This is why lasik is not approperate for some presbyopes if they do
alot of reading or other near work, especially if they have a low
pescription. I disagree with you there, you do NOT need full time
glasses wear if you are anywhere from plano to less than -3(mild
myopia) so lasik isnt going to reduce your glasses dependancy unless
you almost never use your eyes for near.


> No but you trade your distance vision in order to do so. To my mind, and
> the mind of these old folks I'm talking about, that seems to be the
> wrong way round to do it. It makes sense now, while you are spending
> lots of time in front of the PC but pretty soon you'll get married and
> have kids and then the wife won't let you near the computer. You'll
> spend your spare time driving kids about and coaching baseball and
> you'll need distance vision of that.



Well if you are already plano, thats easy to say. If you are myopic and
leave things be, at least you will enjoy being free of readers. Myopes
dont have perfect distance vision but plano presbyopes dont have good
near vision. Which is preferable is up to debate and is an opinion but
the fact remains is myopes wear glasses for distance, presbyopes wear
glasses for near. Both of them depend on glasses.

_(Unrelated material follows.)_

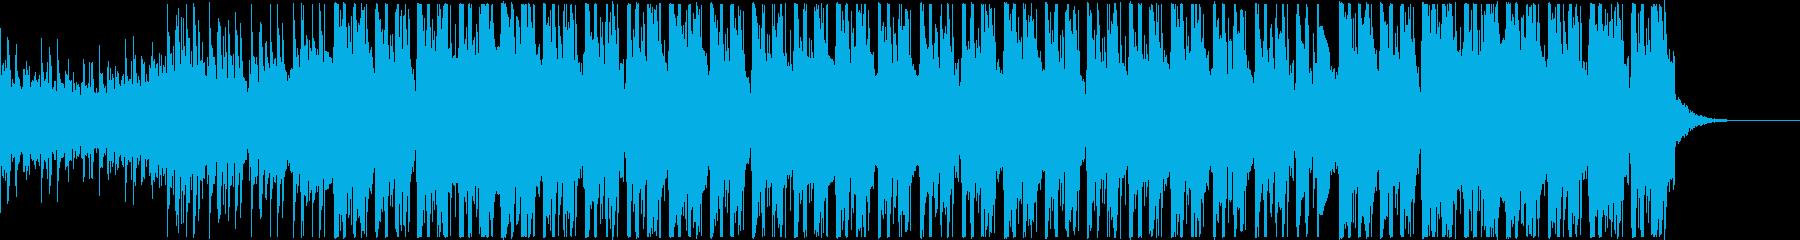 ヒーリング ヨガ アンビエント♪の再生済みの波形

Wife wont let me near
the computer? Not to worry, marriage and kids isnt in my life's plan.
For some, good distance vision may be important but it depends on your
lifestyle. Right now I wear no minus for reading and eating, reduced
minus for computer and high minus for distance. If I had refractive
surgury, I would need high plus for near, reduced plus for computer and
hopefully no glasses for distance. It would be worth it if my eyes were
really bad. They are bad but getting better. I am going to be getting
atropine to do away with all tonic accomodation and find out my
cycloplegic refraction which is my true structual or axial myopia. Some
of the optometrists told me I could be a -3 or even -2 under
cycloplegia. Eye exercises and natural vision improvement should get me
to whatever my cycloplegic refraction turns out to be. I am excited and
really hope my axial myopia is low
My vision used to be as bad as yours in my better eye and a little
worse in my worse eye. Now its a little better than yours. You were
-4.75 in the better eye. Lets assume I am a -3 in the better eye under
cycloplegia, that would be much, much better than -4.75 as you can see,
myopia is expotentional, not linear.


> I agree it is important to see both sides of the argument but there is
> danger in losing a sense of proportion which can be alarming for people
> just starting down the Lasik path. People with bad Lasik complications
> have my sympathy but there really are very very few of them compared to
> the numbers of people who are delighted with their outcome. It would be
> a terrible thing for someone to go under the laser without being
> informed of the things that might possibly go wrong but neither should
> they go under thinking it's a coin toss whether they will ever see
> again.



Everyone should do dillegent research on lasik and know everything
about it and all the possible complications. I know "everything" yet I
am still learning as new facts get discovered. The complication rate is
something everyone argues about. No one knows for sure because many
people with less serious complications dont mention it or dont consider
it a big deal. Also surgeons often sweep complications under the rug as
they dont want to make lasik look bad. They refuse to publish bad lasik
results or to report it to the FDA. One anti-lasik "expert" says from
his research, he estimates the complication rate to be 1 in 3! Does
being delighted with your outcome mean accepting a tradeoff that is
less bothersome than wearing glasses? Its all how picky someone is.
Surgeons will reject picky people with unrelistic expectations.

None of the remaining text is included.